Choices: Maedhros

Less evil shall we do in the breaking.

I can find no fault in those words, but I can't agree. Give up now, and everything we've done, every drop of blood shed, our very existence, is in vain.

I don't want to fight. I don't even want to think of blood. All I want is to hold a Silmaril.

Even if my hand has to stained with still more blood first?

Only a Silmaril can get the blood off.

Their oath shall drive them, and yet betray them...

If anything can.

I just want to be right, to be clean, to have something worth fighting for.

Is anything worth murdering for?

I have to regain the Silmarils! I have to!

...and ever snatch away the very treasures they have sworn to pursue.

I have to try anyway. Don't I? Father would.

Father was the one who got us in this mess in the first place.

"Have you made a decision yet?"

"I can't, Maglor. I just don't know what to do. I'm not Father."

"You proved yourself twice the leader he ever was."

I'm not Father, but I bear his sword; mine was taken by Morgoth.

I stand and draw it. In the firelight, it looks like its already tasted blood. My reflection has blood-red hair and eyes like starless night.

That's not how I want to be!

That's what I've become.

The only question is what I'm going to do about it.

I fling the sword away from me as far as I can.

I didn't want it to stick in a tree!

To evil end shall all things turn that they begin well.

My left foot against the tree trunk, I tug on the sword. Nothing.

Finally I collapse against the tree.

"I'm sorry." I whisper, placing my hand on the tree trunk.

It leaves a trace of blood! I look down. My foot is bleeding; it must have slipped.

I leave the beautiful young tree and stagger back to the campfire. This isn't the first time I wish Fingon had killed me.


We never did try to regain the Silmarils and my foot never did properly heal; I must walk with a staff.

One evening, we come across a beautiful old tree. As I admire it, I see that its graceful structure is marred by a lump. I put my hand in it, sensing the sword buried inside. I turn to go.

"Wait!" The voice belongs to a human boy who was in the tree. He climbs down, using the lump as a step. "Are you elves? I've never seen elves before!"
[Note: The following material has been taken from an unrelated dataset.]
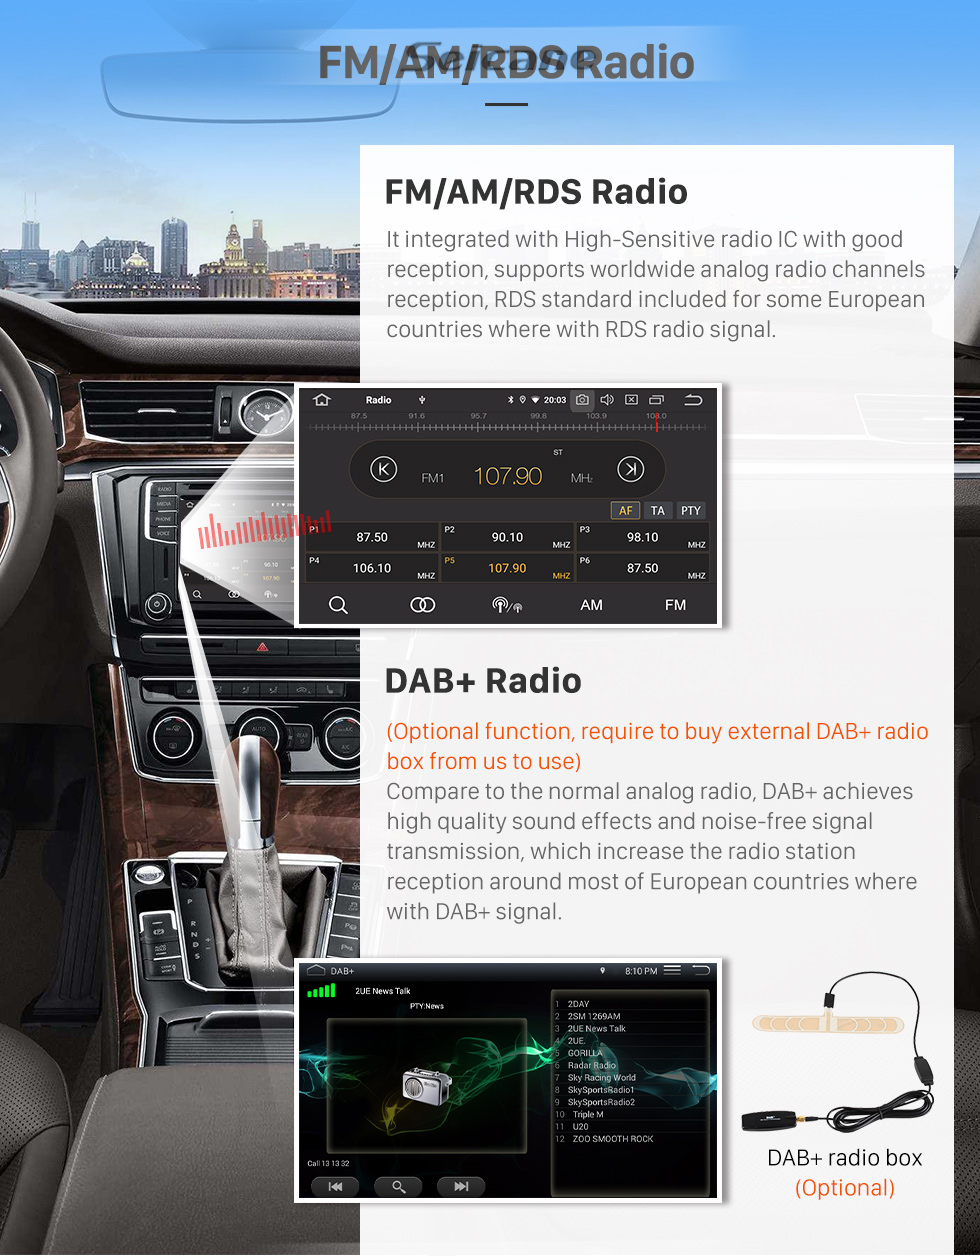 Seicane OEM Android 12.0 para 2013 INFINITI FX35/ FX37 Radio con Bluetooth 9 pulgadas HD Pantalla táctil Sistema de navegación GPS Carplay compatible con DSP

Maglor permits himself a few minutes of conversation. The boy lives with his mother in a nearby village; his father had been the blacksmith.

"Maybe you can stay in our village for tonight."

It would be nice to find honest work, to sleep in a bed and not have to move on each day. A smith doesn't need two good feet, and I learned how to work one-handed long ago.

If only we dared!

The Dispossessed shall they be forever.

The boy puts his hand on the lump and briefly closes his eyes.

"What are you doing?"

The boy looks at me and grins. "Thanking Yavanna for putting that lump there. I couldn't climb the tree without it!"


Text in italics is from the Simarillion. See chapters 9 (The Doom of the Noldor) and 24.